Religious politicization and the generational challenges for religious communities

September 23, 2019

This piece is saying what some of us have been saying for a few years, and what responsible scholars (like Hout and Fischer, whom she mentions in her piece and I do in mine) have been suggesting for a lot longer than that.  Short story: the "religious right" has driven "liberals" away from religious institutions, and this is more pronounced the younger the cohort is (something the A T-D piece doesn't quite bring to the forefront as I think needs to be).  Political polarization in America has infected American religion in a powerful way.

Here's my theory of the case: the rise of the "religious right" in the 1970s and 1980s was itself (in part) a reaction against the large and inescapably religious movement around racial equity of the 1950s and 60s (which also expanded to larger issues of gender and sexual equity as well, by the early 1970s, as David Hollinger and others have noted).  But it produced a tighter association of religiosity and political identity among its members--much tighter than had been the case previously.  

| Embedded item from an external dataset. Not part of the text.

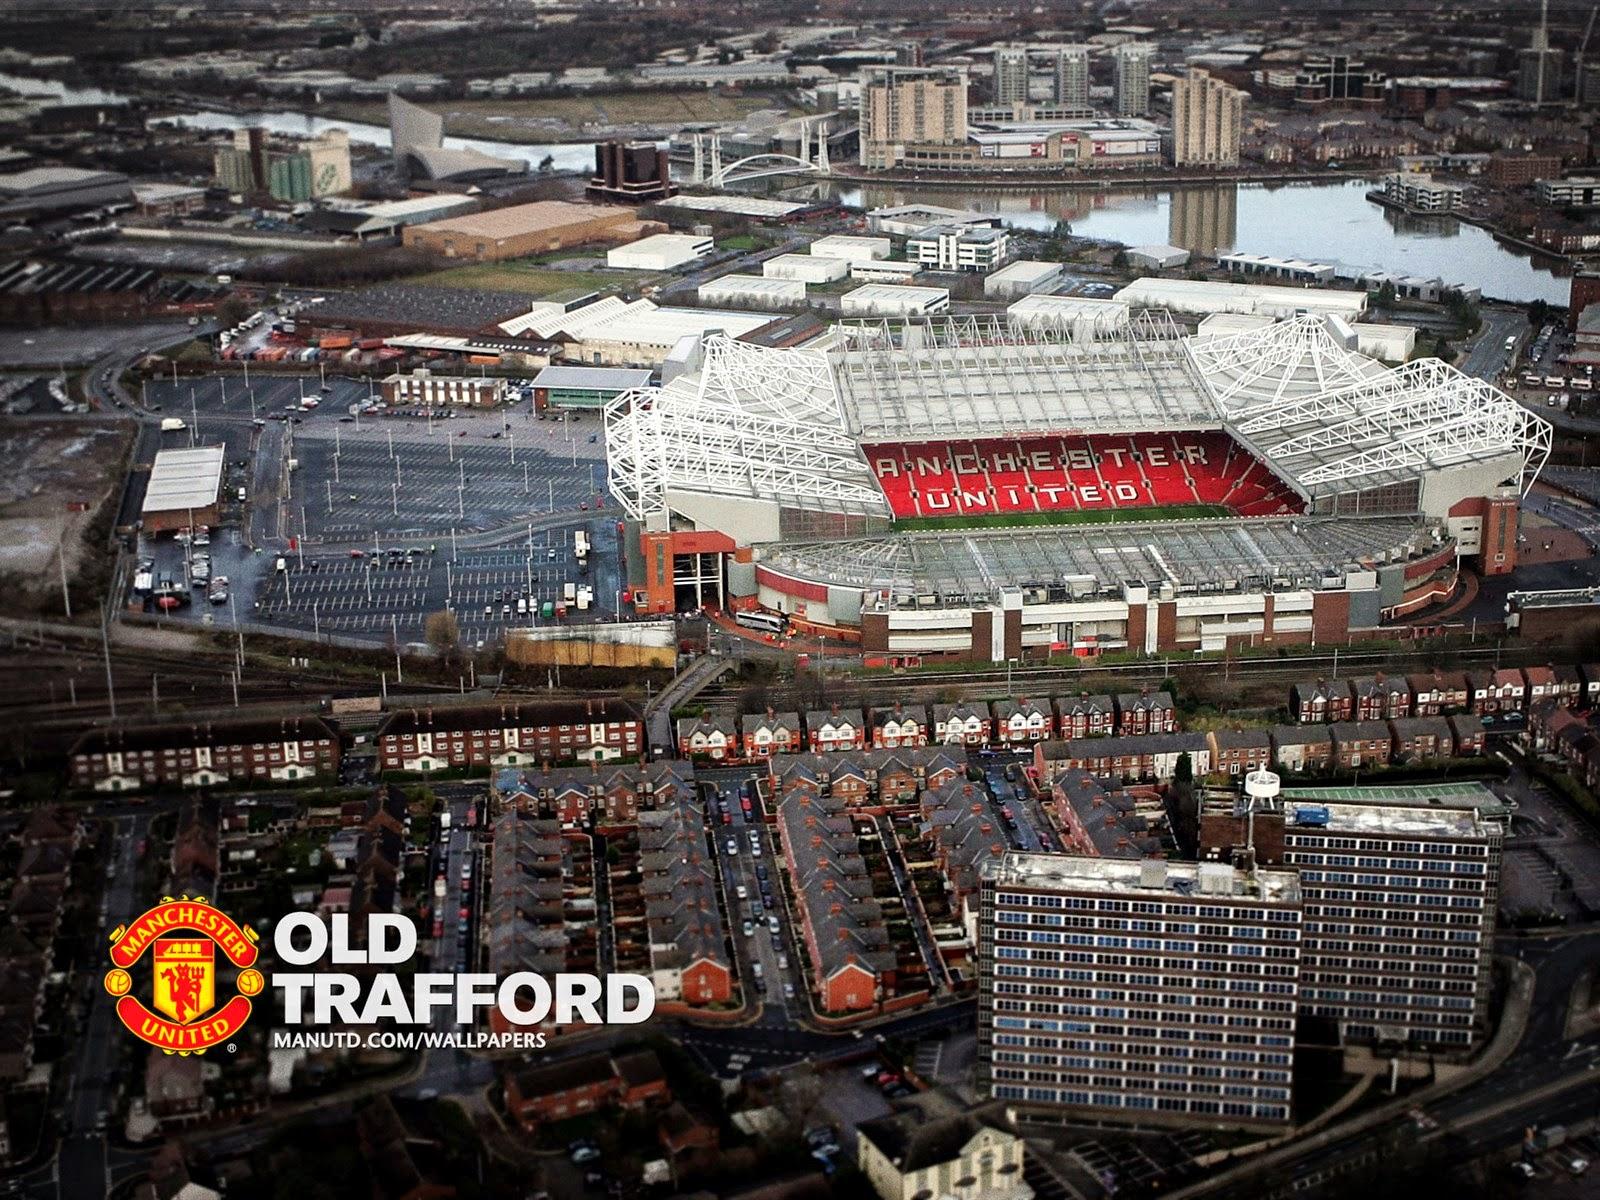 Old Trafford - Manchester United F.C. Stadium

In response, the liberal and progressive churches and religious movements had spent a fair amount of their energy kenotically, creating interreligious and pluralistic institutions to host the moral campaigns they had initially hosted and fuelled.  (Again, Hollinger is really good on this, at least I think so.)  So the response to the religious right was not a "religious left," but rather a (disorganized) liberalism in general.  (There is a larger story to tell here about the confidence of the right and the uncertainty of the left since the 1970s, but leave that to the side for now.)  

Then, something unprecedented happened: the Communist bloc collapsed.  The great enemy of Americanism, "godless Communism," had disappeared.  The fusion of religiosity and Americanism that became prominent in the 1950s (when "under God" was added to the pledge, and "in God we trust" added to the money) had nowhere to go.  Younger people had begun to associate "religion" with right-wing politics in the 1980s, and (perhaps because they largely didn't like right-wing politics), there was a measurable generational decline in religious affiliation in the 80s.  The 90s were a liminal time in this regard, with no major changes but the decline of religious affiliation among younger Americans continued.

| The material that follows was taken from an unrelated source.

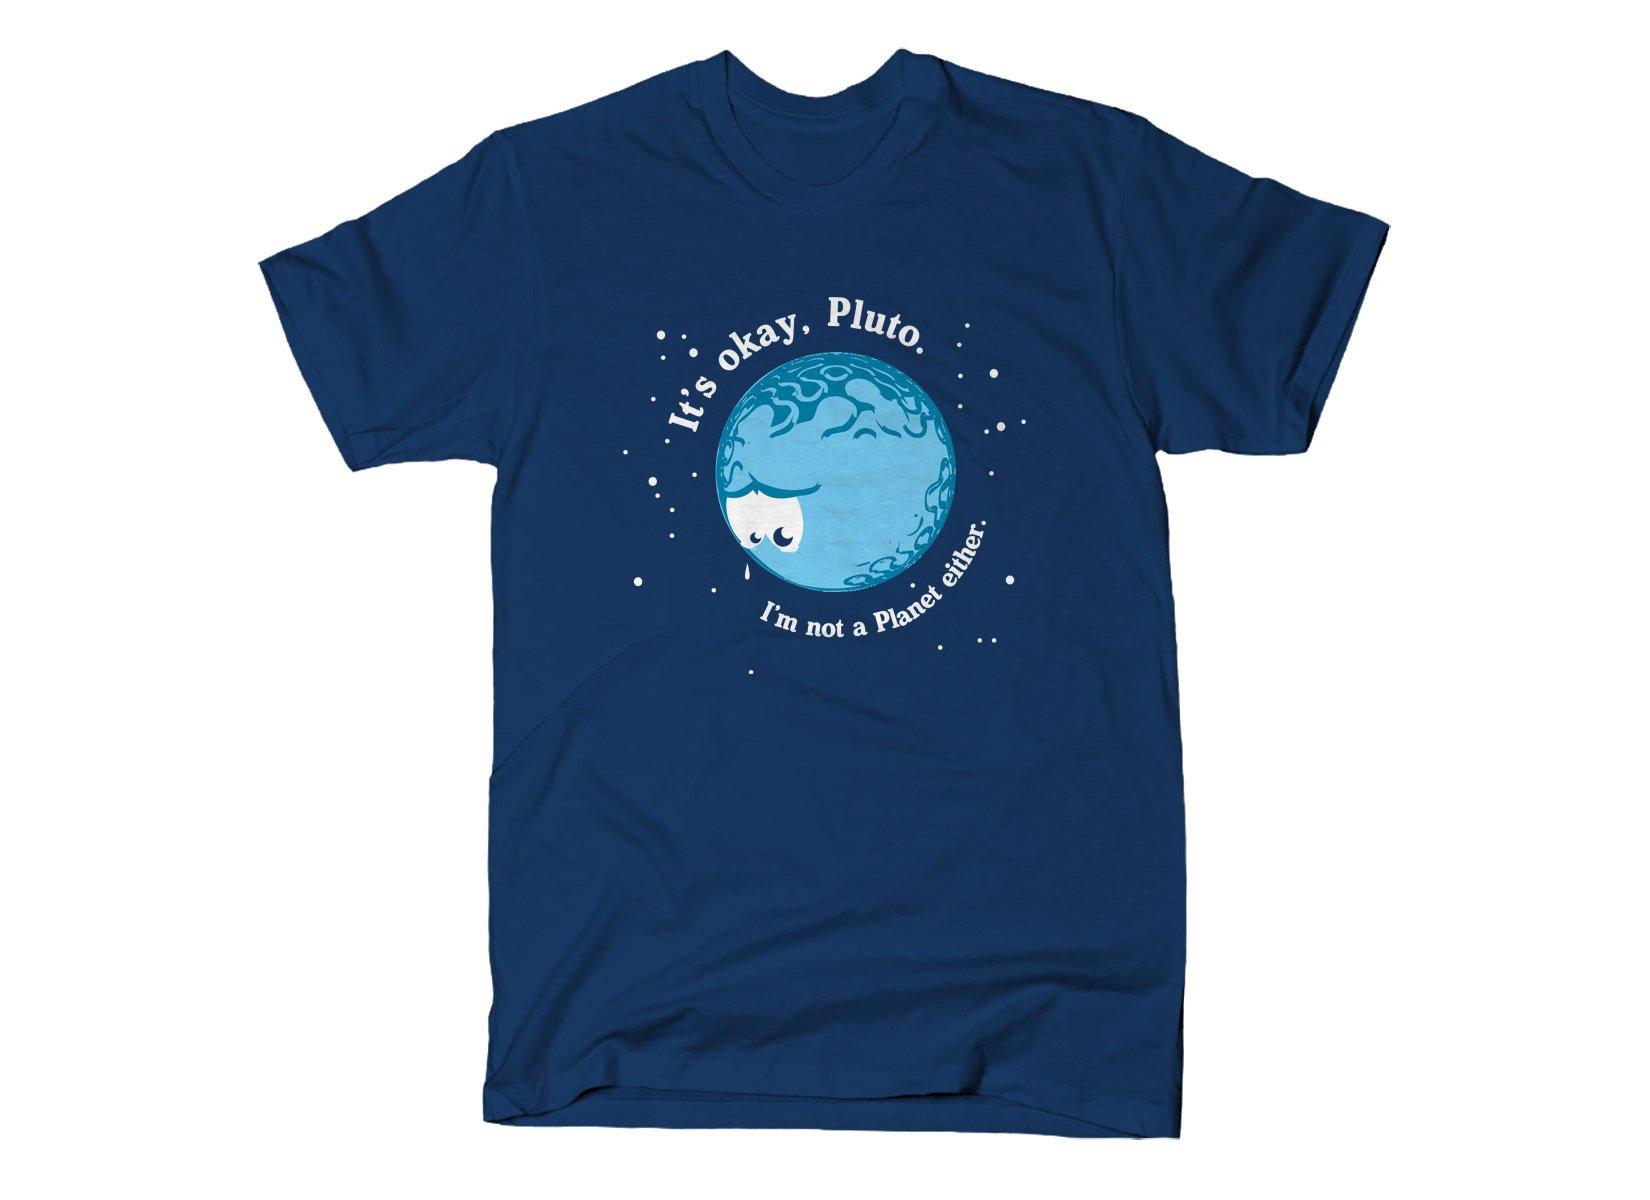 It's Okay Pluto on Mens T-Shirt

Then, another unprecedented thing happened: 9/11.  Suddenly, America was challenged by a new enemy.  But this one was all too godly, though obviously not "godly" in the way that Jerry Fallwell and his friends meant.  (This, by the way, could be behind the attack on Islam as "not a religion" in the past decade.)  Still, the connection between a radical form of religion and perceived attacks on the "American way of life" didn't help.  And younger people continued to drift away from religious institutions.

As an aside, it's useful to note, as T-D does, that many people who are not affiliated with a religious institution still say they believe in a god, and a good number still call themselves religious, and many call themselves "spiritual but not religious."  There's not a lot of atheists in America, or even agnostics.  But the problem is that these people recoil from the institutions that have traditionally hosted, cultivated and sustained these sensibilities, and embedded them in larger civic patterns, have become for many younger people--and by now that means anyone under 50--pretty toxic. 

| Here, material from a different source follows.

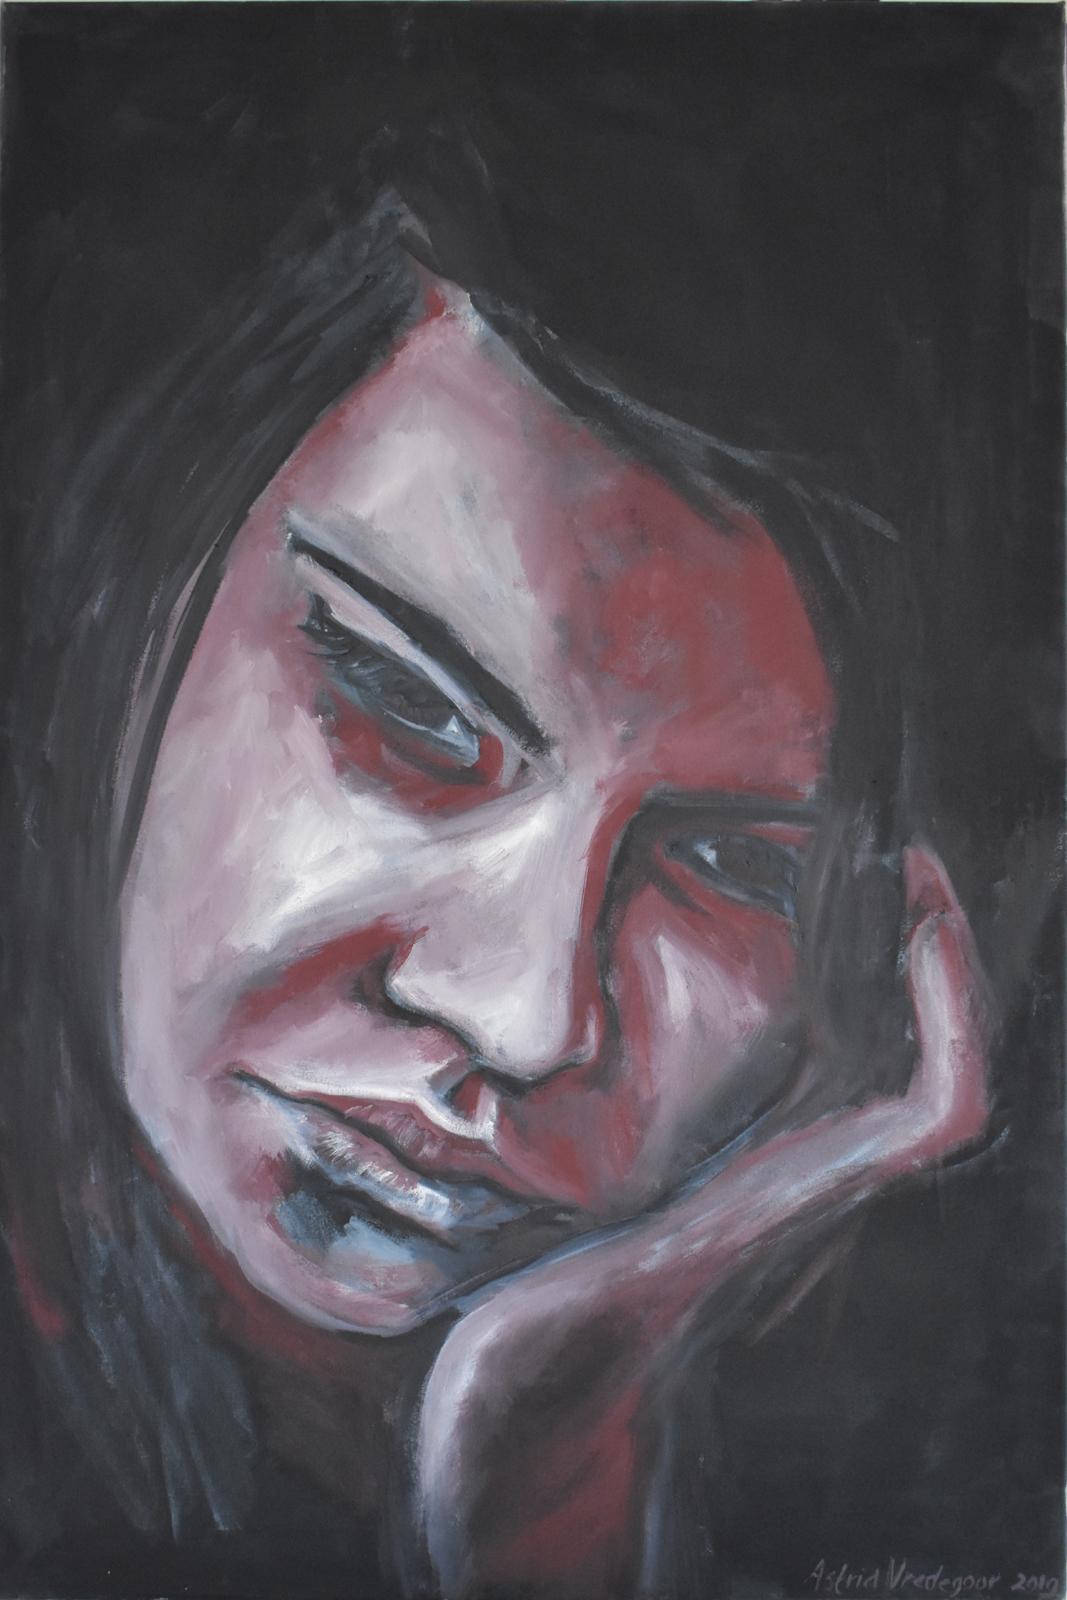 Twilight ( depression among young people )

This is problematic for American civil society in lots of ways.  (One day I'll write a piece on the wonderful idea of "weak ties" for you all.)  But here I just want to note that it's hugely difficult for religious institutions themselves.  Presumably there are many religious leaders out there who want to care for their congregations, whatever their immediate political views.  (And I'm not saying that political views can't have religious implications--they obviously can--but I am trying to resist an identity between them.)  Insofar as religious institutions have a wider and deeper "horizon" of concern about their members than their members' politics, this presents a major problem for such institutions.  Or so I suspect.

Again, tl;dr: It's not just a civil society problem; it's a huge problem for religion in the United States.  And there doesn't seem to be any evidence that things are getting better.